This Agreement sets out the terms and conditions on which we, TAS Software (a division of Sage (UK) Ltd), will supply you with TASCover or TASCoverExtra (whichever you have paid the Subscription Fee for).

  1. Definitions used in this Agreement
    "Commencement Date" means the first date following the expiry of the free TASCover period (if any) under your Software licence agreement, or the anniversary date of expiry of support, or the date of invoice for TASCover or TASCover Extra if any free period has expired or does not;

    "Personal Data" and "Processing" shall have the same meanings as are ascribed to them in the Data Protection Act 1998;

    "Renewal Date" means the anniversary of the Commencement Date;

    "Replacement Software" means any Updates or Upgrades;

    "Software" means the TAS software product ordered by you from us either direct or via an authorised TAS Software partner and in relation to which you have subscribed to TASCover or TASCover Extra, and are entitled to TASCover or TASCover Extra following payment of an annual licence fee;

    "Subscription Fee" means the annual fee payable by you to us for TASCover or TASCover Extra (as appropriate);

    "TAS Cover" means the Software support services as set out in clause 2 as well as the benefits contained in all up to date literature at the Commencement Date concerning TASCover;

    "TAS Cover Extra" means TASCover and the additional benefits contained in all up to date literature at the Commencement Date concerning TASCover Extra;

    "Updates" means a permanent fix or solution to known problems in the Software or a legislative amendment to the Software as released by us at times deemed appropriate by us;

    "Upgrades" means a major revision to the Software, which adds new and different functions or capabilities to the Software and is provided to you at times deemed appropriate by us if you have subscribed for TASCover Extra. For the avoidance of doubt, Upgrades shall not include an up the range change in software product;

    "Working Day" means any day that is not a Saturday, Sunday or public holiday in England;

    The term "you", "your" and "yours" shall mean the company or partnership or sole trader which contracts under this Agreement and the term "we", "us" and "our" shall mean, as the context permits, either TAS Software, or alternatively it may mean reference to both you and TAS Software together.

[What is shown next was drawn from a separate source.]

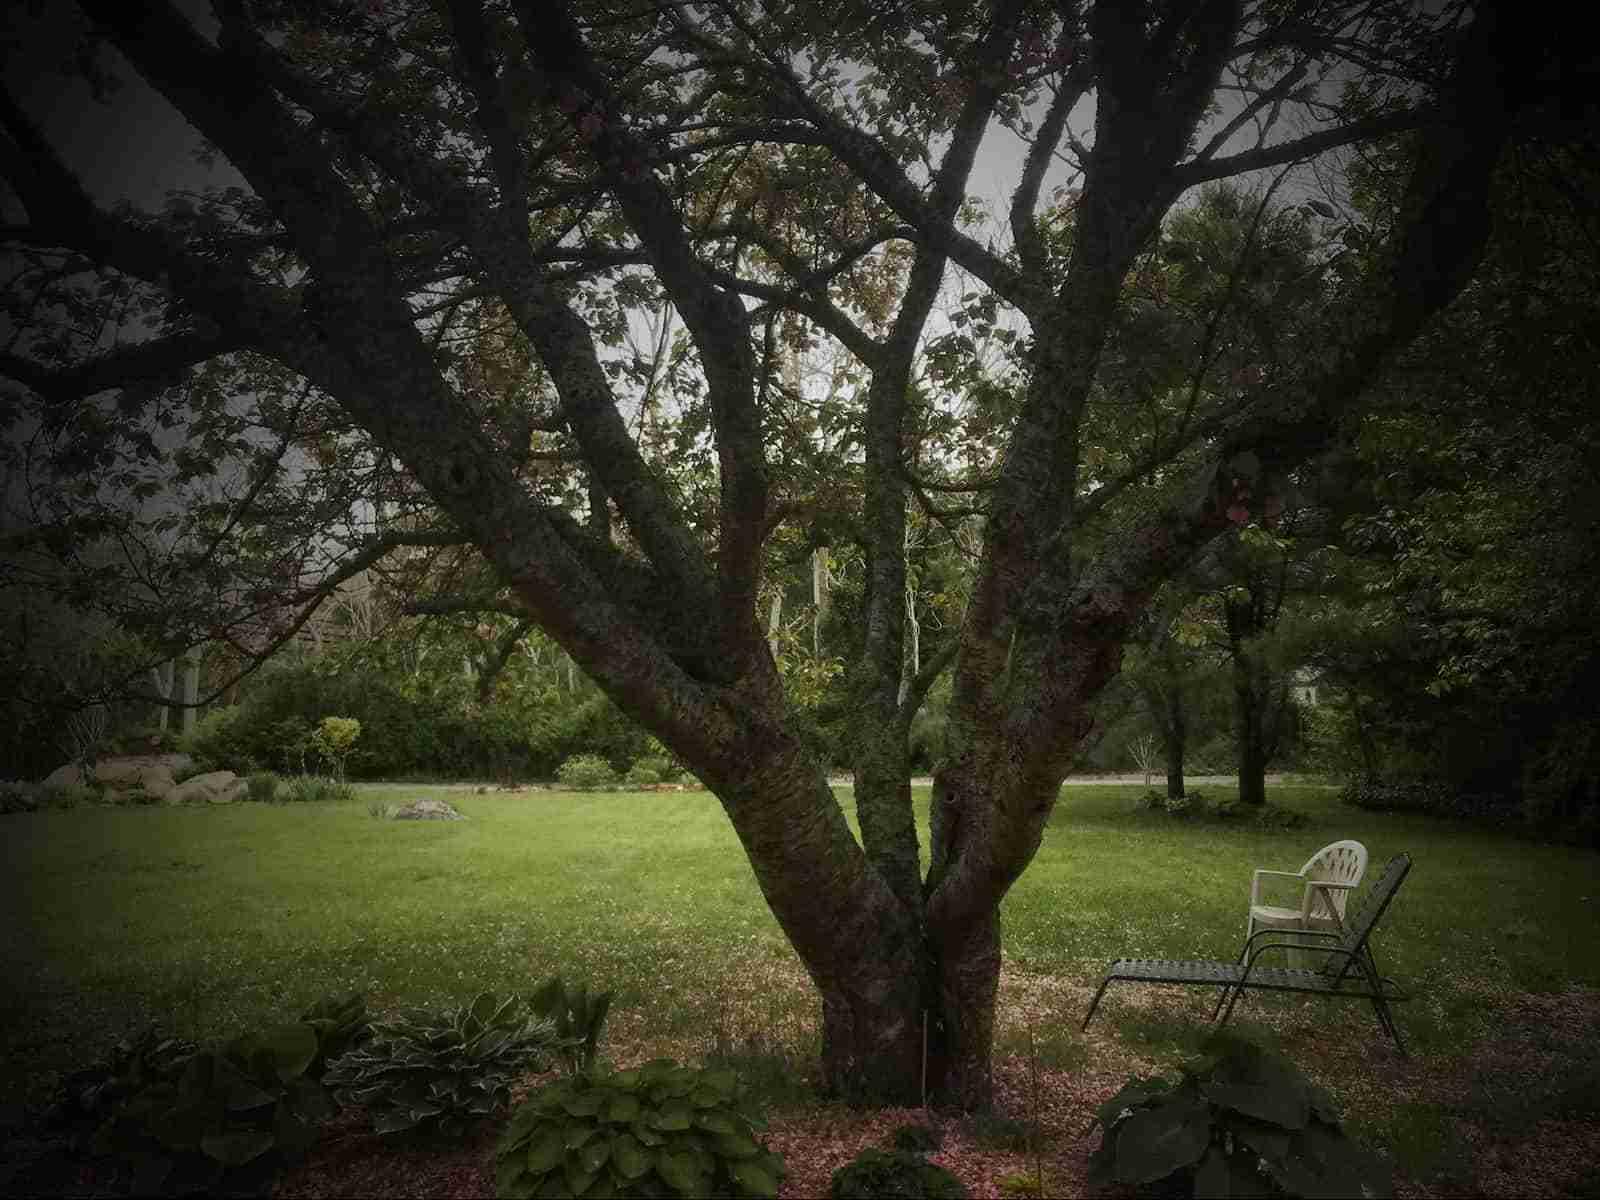 Cape Cod Garden Walk - Garden Memories Spring 2020

  2. Our commitment to you
    1. We will provide you with TASCover or TASCover Extra (whichever you have paid the Subscription Fee for) for a period of one year commencing on the Commencement Date. On each Renewal Date and subject to clause 4, TASCover or TASCover Extra can be renewed for successive periods of one year provided that you pay the prevailing Subscription Fee or annual licence fee (as appropriate) by the due date. Such renewal shall be subject to the then current terms and conditions. An invoice will be issued to you prior to the Renewal Date and, if you wish to renew, is payable in accordance with its terms. Please note, your continued use of TASCover or TASCover Extra, including installation of an Upgrade or Update and/or use of a service pack after the Renewal Date shall be deemed as acceptance by you of the renewal invoice and of the renewal of TASCover or TASCover Extra (as appropriate) for a further period of 12 months.
    2. We will provide TASCover or TASCover Extra (whichever you have paid the Subscription Fee for) in accordance with this clause 2 with reasonable care and skill.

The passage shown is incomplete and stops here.